O repertório do novo disco, porém, não deve ficar restrito aos ex-companheiros de Clube da Esquina. Milton Nascimento avisa que o novo álbum deve inaugurar algumas parcerias inéditas. Como a com Samuel Rosa, vocalista do grupo Skank, e com Carlinhos Brown, mentor do grupo Timbalada. Estou aberto para novas parcerias. Sinto como se estivesse começando..., brinca. Bem-humorado, Milton recorda que conheceu Carlinhos Brown em 1997, num réveillon na casa de Gilberto Gil em Salvador, na Bahia. A identificação entre Milton e o elogiado compositor baiano foi imediata. A gente tem muito a ver, em todos os sentidos..., frisa.
Aos 56 anos, Milton Nascimento se diz completamente restabelecido da crise diabética que o derrubou no ano passado. Mesmo obrigado a tomar injeções diárias de insulina, o autor de Maria, Maria e Nos Bailes da Vida ressalva que aprendeu a tirar o tratamento de letra e anuncia sua disposição de trabalhar como ator.
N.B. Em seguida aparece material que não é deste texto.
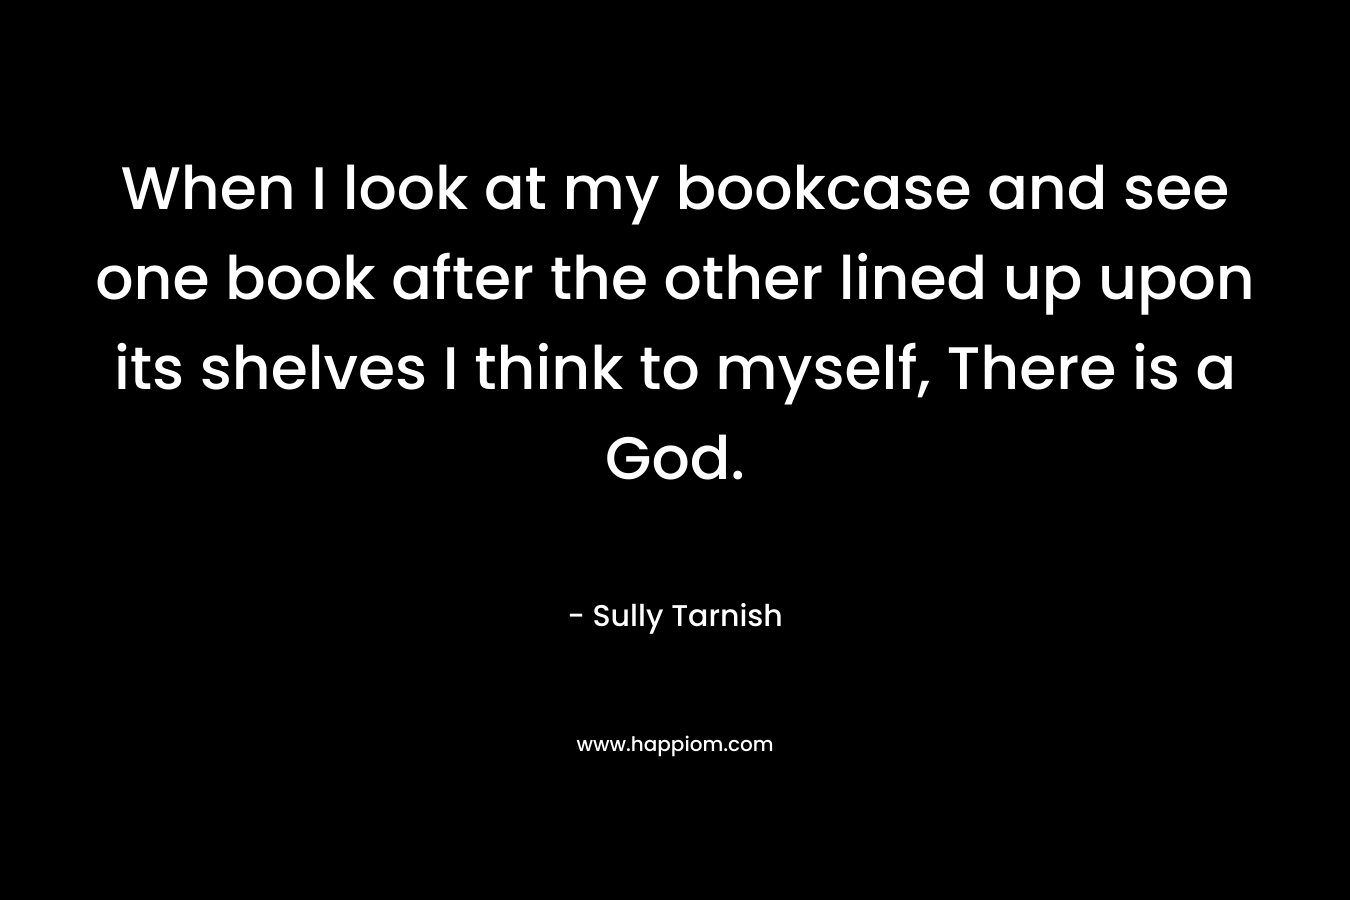 When I look at my bookcase and see one book after the other lined up upon its shelves I think to myself, There is a God. – Sully Tarnish

Depois de fazer esporádicas participações no cinema - como nos filmes Fitzcarraldo, de Werner Herzog, e Os Deuses e Os Mortos, de Ruy Guerra - Milton retorna aos sets em O Viajante, dirigido por Paulo César Saraceni a partir de um romance de Lúcio Cardoso. No filme, faço vários papéis. Entre eles, o de um tocador de realejo, gaba-se.
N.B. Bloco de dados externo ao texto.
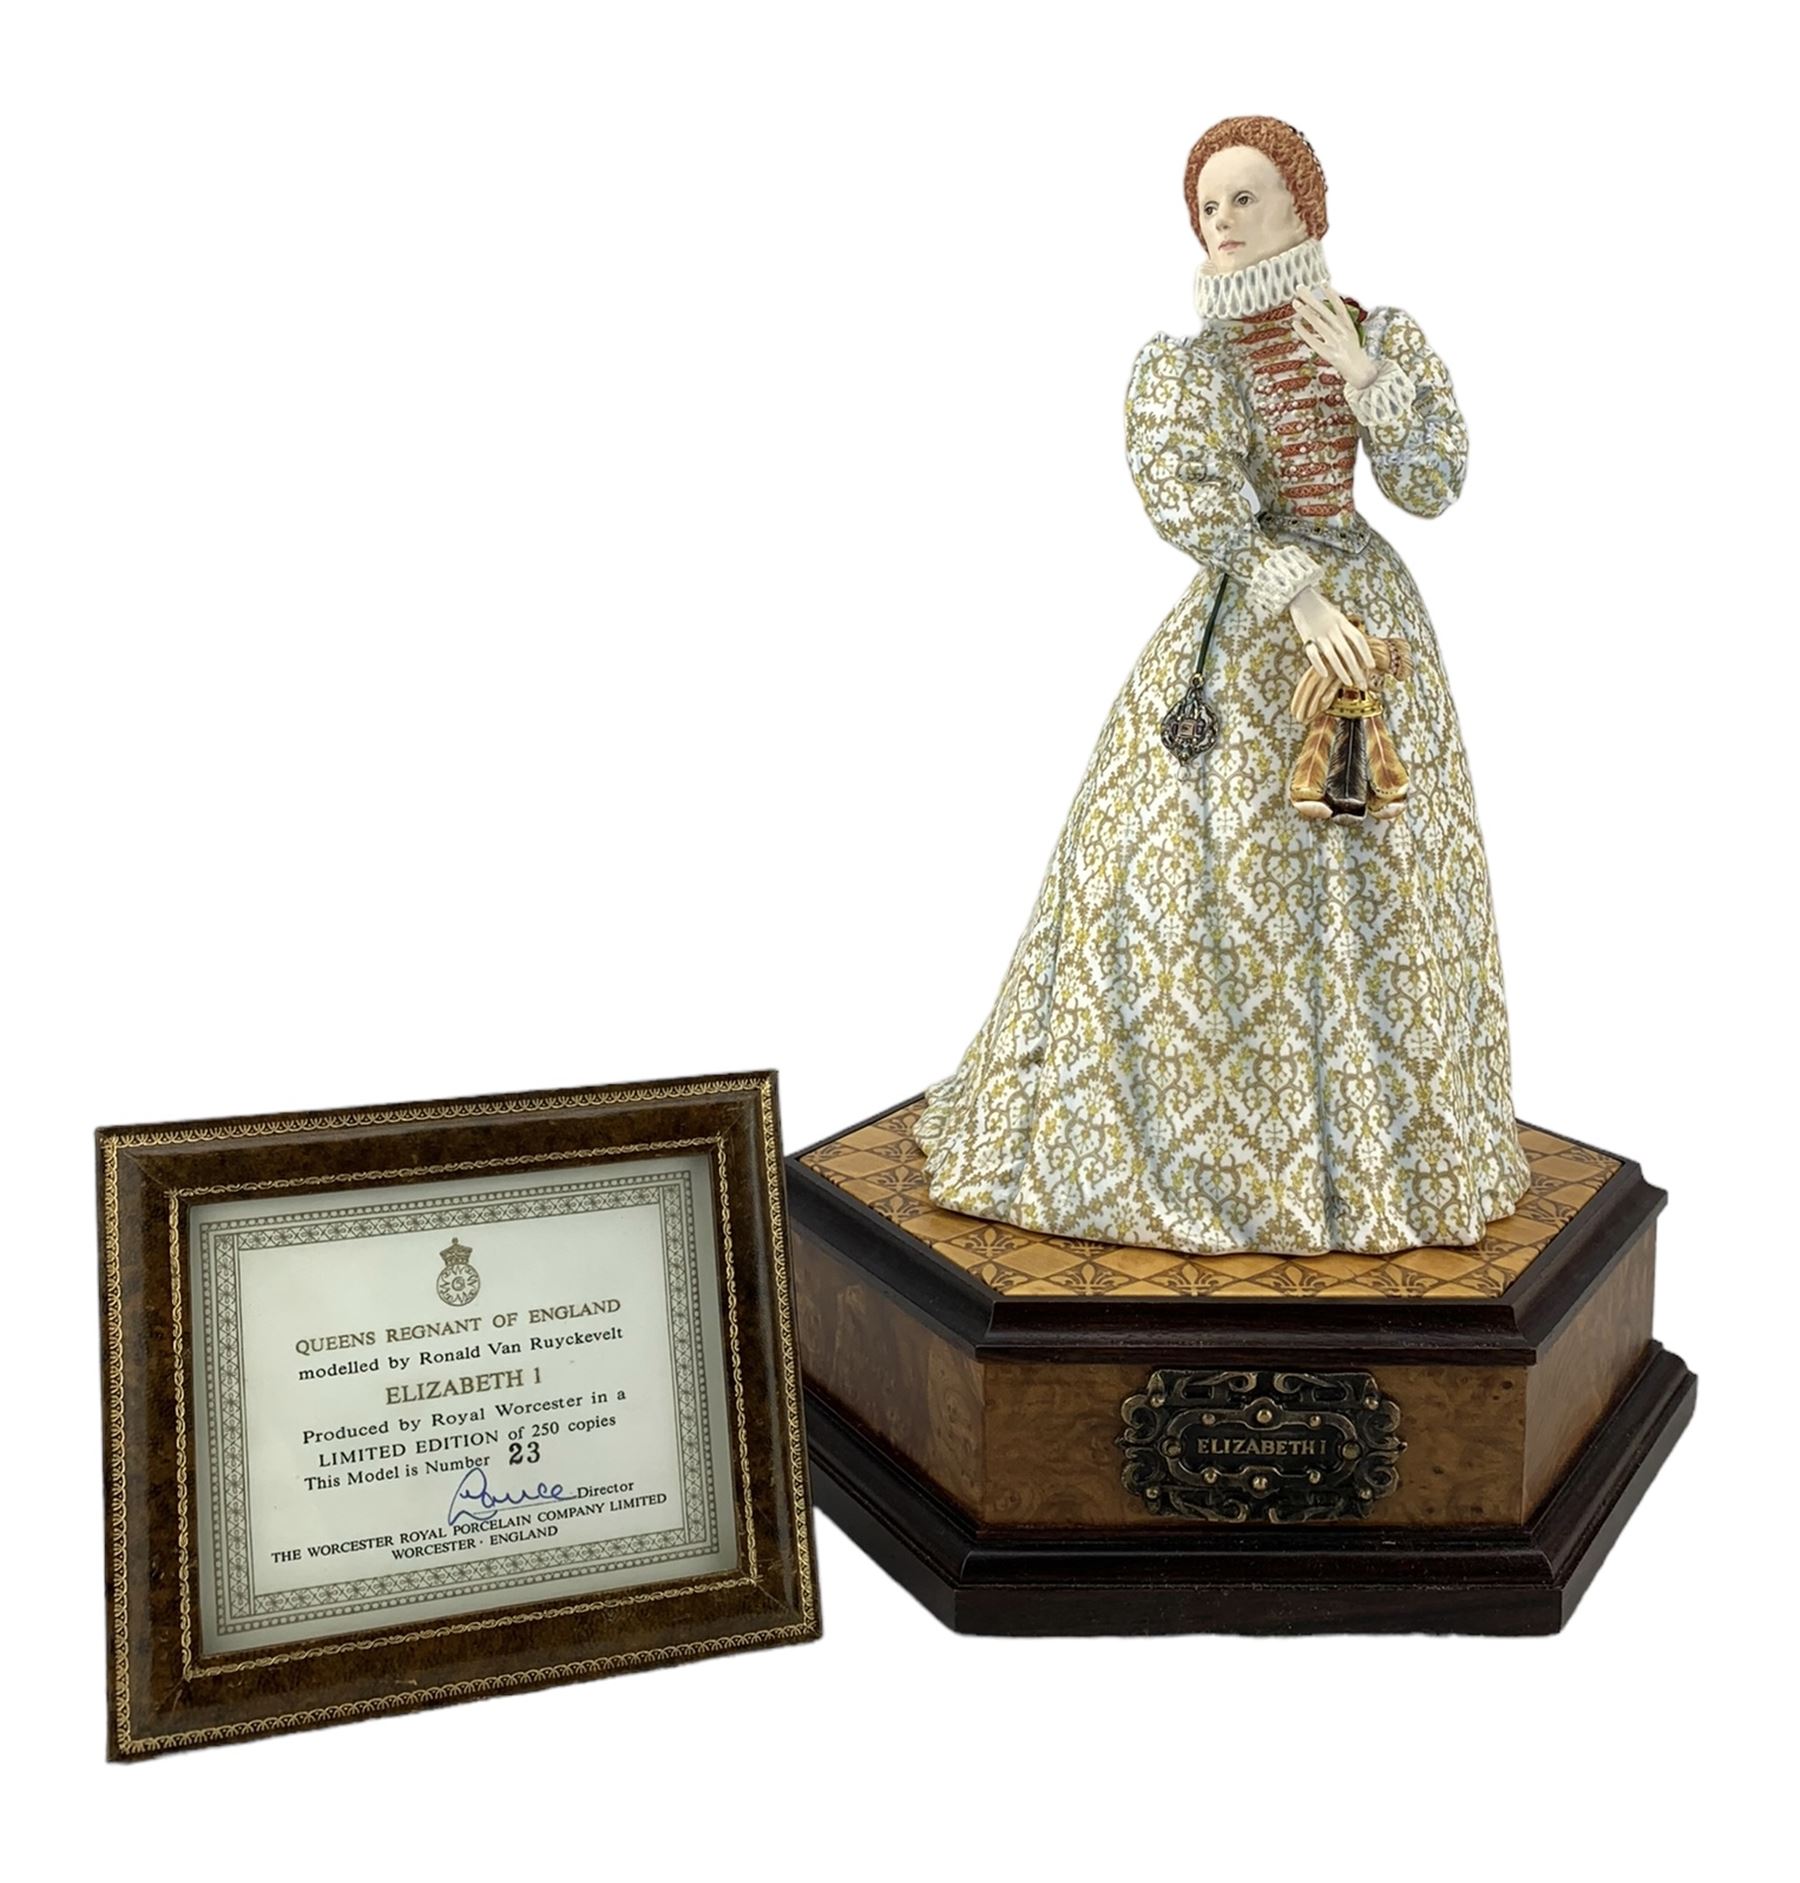 Royal Worcester limited edition figure Queen Elizabeth 1 from the Queens Regnant of England series m

Paralelamente aos novos projetos, Milton Nascimento festeja o disco de platina que já ganhou pela vendagem de 250 mil cópias de Tambores de Minas. Gravado em março deste ano no Teatro João Caetano, no Rio, esse álbum é o registro ao vivo do CD Nascimento, que ganhou o prêmio Grammy na categoria de world music. Depois de concorrer cinco vezes, Milton está tão satisfeito com a premiação que parece não se importar com o fato de ter sido incluído numa categoria tão vaga que inclui nomes como a cantora cabo-verdiana Cesária Évora e o grupo de música flamenca Gipsy Kings. Essa história começou quando gravei Native Dancer com o Wayne Shorter. Os americanos não sabiam muito bem como me classificar e inventaram esse negócio de world music, acredita.
Apesar de já ter lançado um álbum ao vivo recentemente - o Amigo, de 96 - Milton Nascimento decidiu apostar novamente no formato. É um dos shows mais caros e elaborados da minha carreira. Não podia ficar só na lembrança, justifica. Mesmo acreditando que o Grammy torna o cantor mais reconhecido no mundo inteiro, o cantor prefere excursionar com o espetáculo Tambores de Minas pelo Brasil e diz que só volta a se apresentar lá fora em 99, quando tem shows agendados na Europa e no Japão. Não faço distinção de público. Quando estou no palco, me sinto em casa, conclui.